Nous allons à Luxembourg à la fin de la semaine décider la liste des pays avec lesquels nous allons commencer les négociations au printemps. (...) Personne ne sait combien de temps cos négociations dureront. (...)

La Turquie et l'Union européenne

Le gouvernement turc se comporte comme un gouvernement très orienté vers l'Europe. (...) Il s'est constitué en Turquie des forces qui savent très bien que la Turquie ne remplit pas et de loin les conditions économiques, politiques, démocratiques, etc., mais elles (...) nous disent : si vous brisez cette dynamique (...), vous nous handicaperez dans des conditions intolérables. (...) Nous Français, nous cherchons (...) à répondre à cette aspiration turque (...) sans pour autant entrer dans un processus de négociation et d'adhésion pour lequel les conditions ne sont pas remplies. C'est pourquoi nous avons proposé une conférence. (...)

La candidature de M. Trichet à la Banque centrale européenne

(...) Il n'y avait pas d'accord mais une sorte de consensus pour une cooptation interne entre gouverneurs des banques centrales. (...) C'est aux dirigeants politiques de décider. (...) Le Président de la République et le Premier ministre ont avancé cette candidature. (...) Il n'y a aucune mauvaise manière de notre part. De toute façon, la personnalité de Jean-Claude Trichet est suffisamment remarquable pour qu'il soit immédiatement reconnu, même si d'autres pays ont d'autres candidats, comme un très remarquable gouverneur possible. (...) Maintenant, on discute tranquillement. (...) Tout est possible tant que rien n'est conclu. (...)

Les quatre conditions françaises à l’entrée dans l'euro

En dehors de la fixation de l'euro, qui sera déterminante après (...) toutes les autres conditions sont remplies ou en train de l'être ou le seront grâce aux processus qui ont été lancés par ce Gouvernement.
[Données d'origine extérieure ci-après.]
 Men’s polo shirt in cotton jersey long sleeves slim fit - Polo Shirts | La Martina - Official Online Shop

La vente de frégates à Taïwan

Q. On dit qu'elle a dû financer de manière occulte des commissions à fournir à des intermédiaires pour permettre à la France de vendre des frégates à Taïwan, et que la ministre des Affaires étrangères de l'époque, M. Dumas, était au courant de cette affaire.

R. (...) Je n'ai pas de dossier du Quai d'Orsay là-dessus et je n'ai pas de commentaires à faire sur ce point.

Elf et l'Afrique

Il y a une sorte de tendance à présenter cette très grande entreprise française (...) de façon constamment rocambolesque. (...) Dans l'affaire du Congo Brazzaville (...) les deux camps ont fait des reproches presque aussi véhéments à Elf. (...) Or, dans cette affaire, Elf n'a rien joué de spécial. (...) Je n'ai connaissance d'aucune action d'Elf (...) qui permette de dire qu'il y a un jeu de l'un contre l'autre. (...)
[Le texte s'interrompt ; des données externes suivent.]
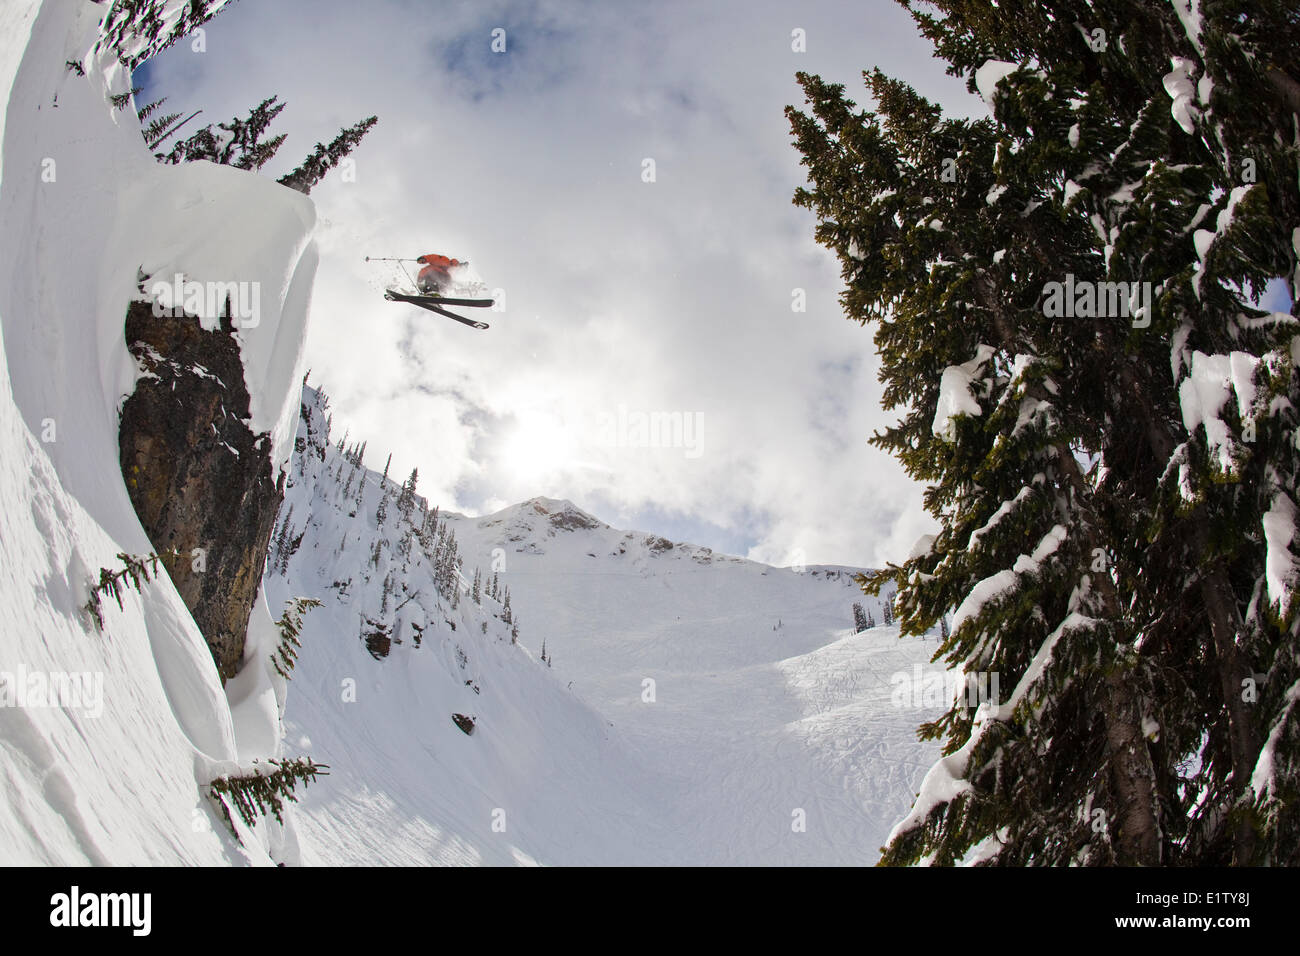 A male freeskier drops a huge cliff at Revelstoke Mtn Resort, BC Stock Photo

LA politique africaine de la France

(...) La France est très installée en Afrique, sa présence est souhaitée. Dans l'avenir, on verra que la présence française non seulement ne recule pas, mais au contraire à tendance à s'ouvrir. (...) La France n'a rien à craindre d'un dynamisme américain. Si les Américains veulent s'intéresser à l'Afrique, ce qu'ils ont fait rarement, tant mieux ! (...)
Nous n'avons pas de raison d'inventer des conditions spéciales, plus draconiennes ou plus impitoyables concernant M. Kabila. (...) Il n'y a pas d’à priori, la France n'a fermé aucune porte.